For the first time, Mr. Ignat’ seemed troubled. He sat up, pushed his hat back on his head and regarded me for a long moment, smooth brow wrinkled. Then, as if a breeze had wafted him upright, he rose, and walked toward me.

“Stay back!” I said sharply, but apparently he’d gone deaf, too, because he kept on walking, and hunkered down on his heels not a hand’s span away from me.

“Katie, Katie, what is this?” He extended a hand and casually slipped his fingers under my chin, as if I really was a toddler.

As if it wasn’t really, truly dangerous for him to touch me.

I felt the jikinap stir, waking a sensation eerily like physical hunger. I took a deep, deliberate breath, tasting air spiced with salt and sand. The jikinap subsided, and Mr. Ignat’ smiled.

“You are master of yourself, Pirate Kate, never doubt it. And this notion that your power will eat you—it will not. It cannot. Your power is you. If it eats you, it will destroy itself.”

His voice was absolutely steady; truth weighted each word, and I wanted—oh, how very much I wanted—to believe him.

I swallowed.

“That’s not true,” I said. “Look at Ramendysis.”

“Ramendysis held more power than he could absorb,” Mr. Ignat’ said patiently. “You are not so foolish—or so driven. In a duel between raw power and spellcraft—spellcraft will win.” He tipped his head, as if considering, and added.

“Unless something unfortunate happens.”

“Like raw power crushing the opposition under it?”

“Rarely that,” Mr. Ignat’ said seriously. “Most usually, it’s because a spell is flawed. Now, it is true that a certain amount of power must be maintained, as you’re doing, in order to be able to mount a credible defense, if challenged. But the power you maintain, Katie, is far below a toxic dose. It does take some time to…integrate. But I swear to you that it will happen. The best thing you can do is learn your spellcraft, and practice it often. Your power will become accustomed to you, and you to it; it will no longer fight you, or seek to force you to its goals. Tame power is a tool. Wild power—is wild.”

Most of my present power—that gift from Mr. Ignat’—was that tame? And what about the jikinap I’d stolen from Ramendysis?

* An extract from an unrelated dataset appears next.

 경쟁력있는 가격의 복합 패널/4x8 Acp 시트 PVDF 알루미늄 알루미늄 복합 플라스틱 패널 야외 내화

I’d killed Ozali Ramendysis—not by the use of superior spellcraft. The plan had been to hit him with a bolt of jikinap—think overloading a circuit, and blowing a fuse. I had happened to hope that what would blow was Ramendysis’ head, but as it happened, I missed my shot, and hit—

I caught my breath and turned my head away, squinting as I stared out over the waves. My eyes were watering, but that was because the sun was so bright on the water.

Of course.

“Katie, Borgan’s well.”

I looked back at him, my chest clutching.

“You’ve seen him?”

He shook his head.

“No, child, I haven’t. But I can see the ocean.”

There was, I thought, that. When I had—when I had missed Ramendysis, with all that power, I had hit Borgan, who was…call him the Guardian of the Gulf of Maine. My opposite number.

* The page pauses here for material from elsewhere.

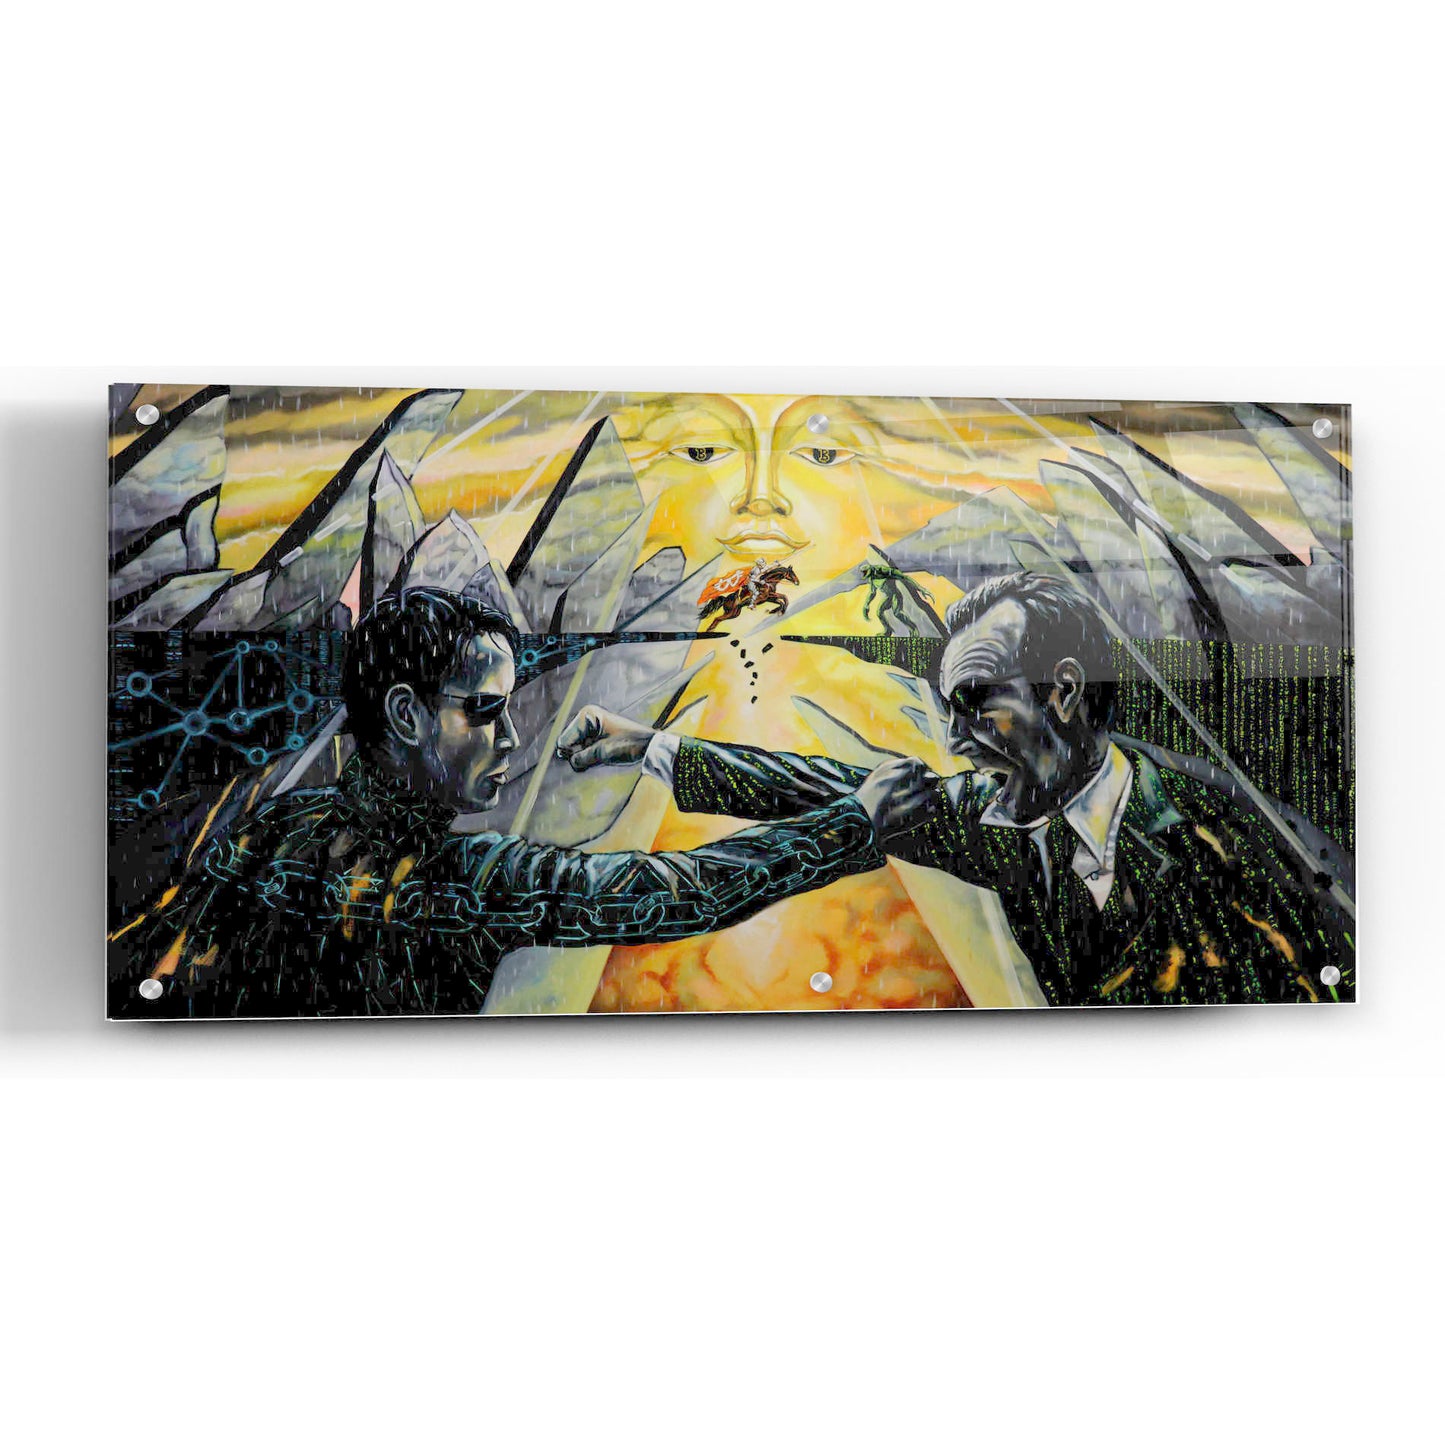 Epic Art 'Battle' by Jan Kasparec, Acrylic Glass Wall Art,48x24

And when that bolt hit home, and Borgan collapsed onto the blades of Googin Rock…

The sea had gone dead calm. Not a wave, not a ripple disturbed its surface. It was as if the Gulf felt his absence and mourned it.

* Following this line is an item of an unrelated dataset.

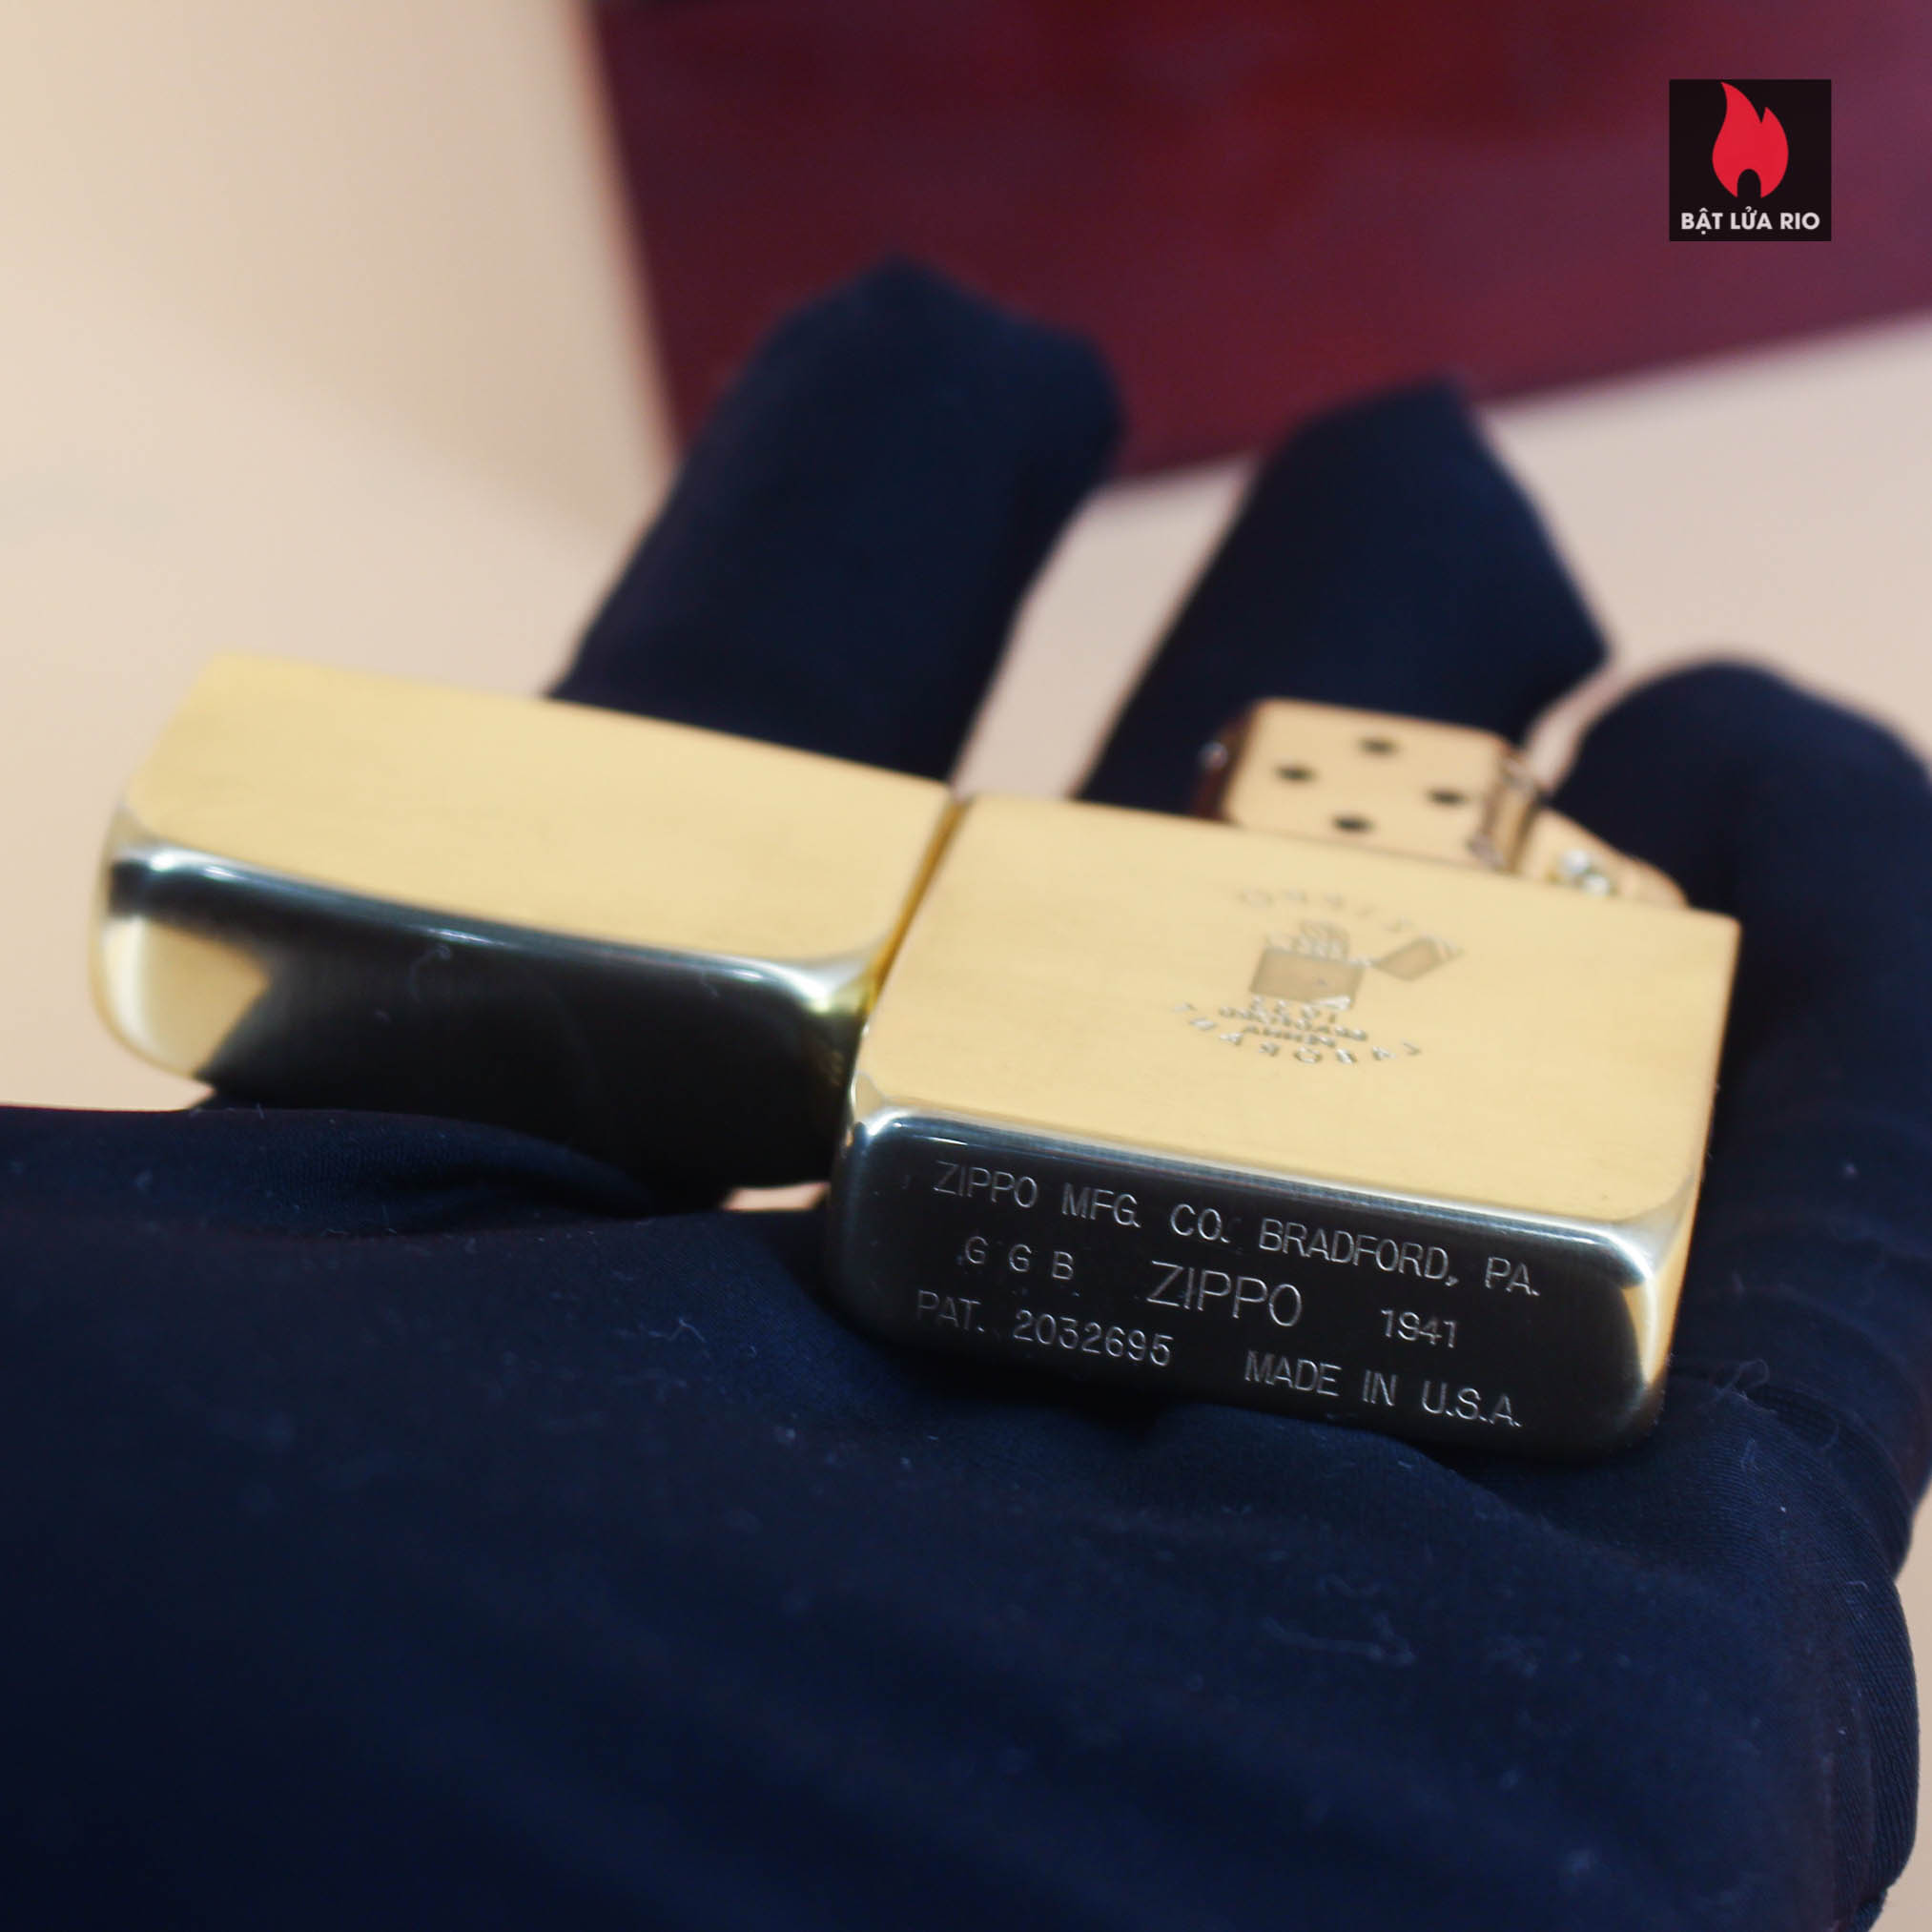 HIẾM - SIÊU PHẨM Zippo vàng nguyên khối Solid Gold 18K – Zippo Signet Lighter 18K Solid Gold - GGB 1941 - Giới hạn 300 chiếc trên toàn thế giới - Limited 24/300 6

Happily, though I didn’t think so at the time, I’d managed to pull my shot just enough that I didn’t…entirely kill him. Thinking on it, as, believe me, I have done, hundreds of times in the weeks since it happened—Thinking back on it, it may have been that his braid had fallen into the water when he collapsed, and through that link the sea—the sea had saved him.

That was one of the things I wanted to ask, when I saw him again.

If I saw him again.

Don’t be stupid, Kate, I told myself; you know healing takes time.

Right; I know that.

I know that.


I took a breath and turned my head, meeting Mr. Ignat’s eyes.

“I’m fine,” I said, and forced a smile. “So! When’s the next lesson?”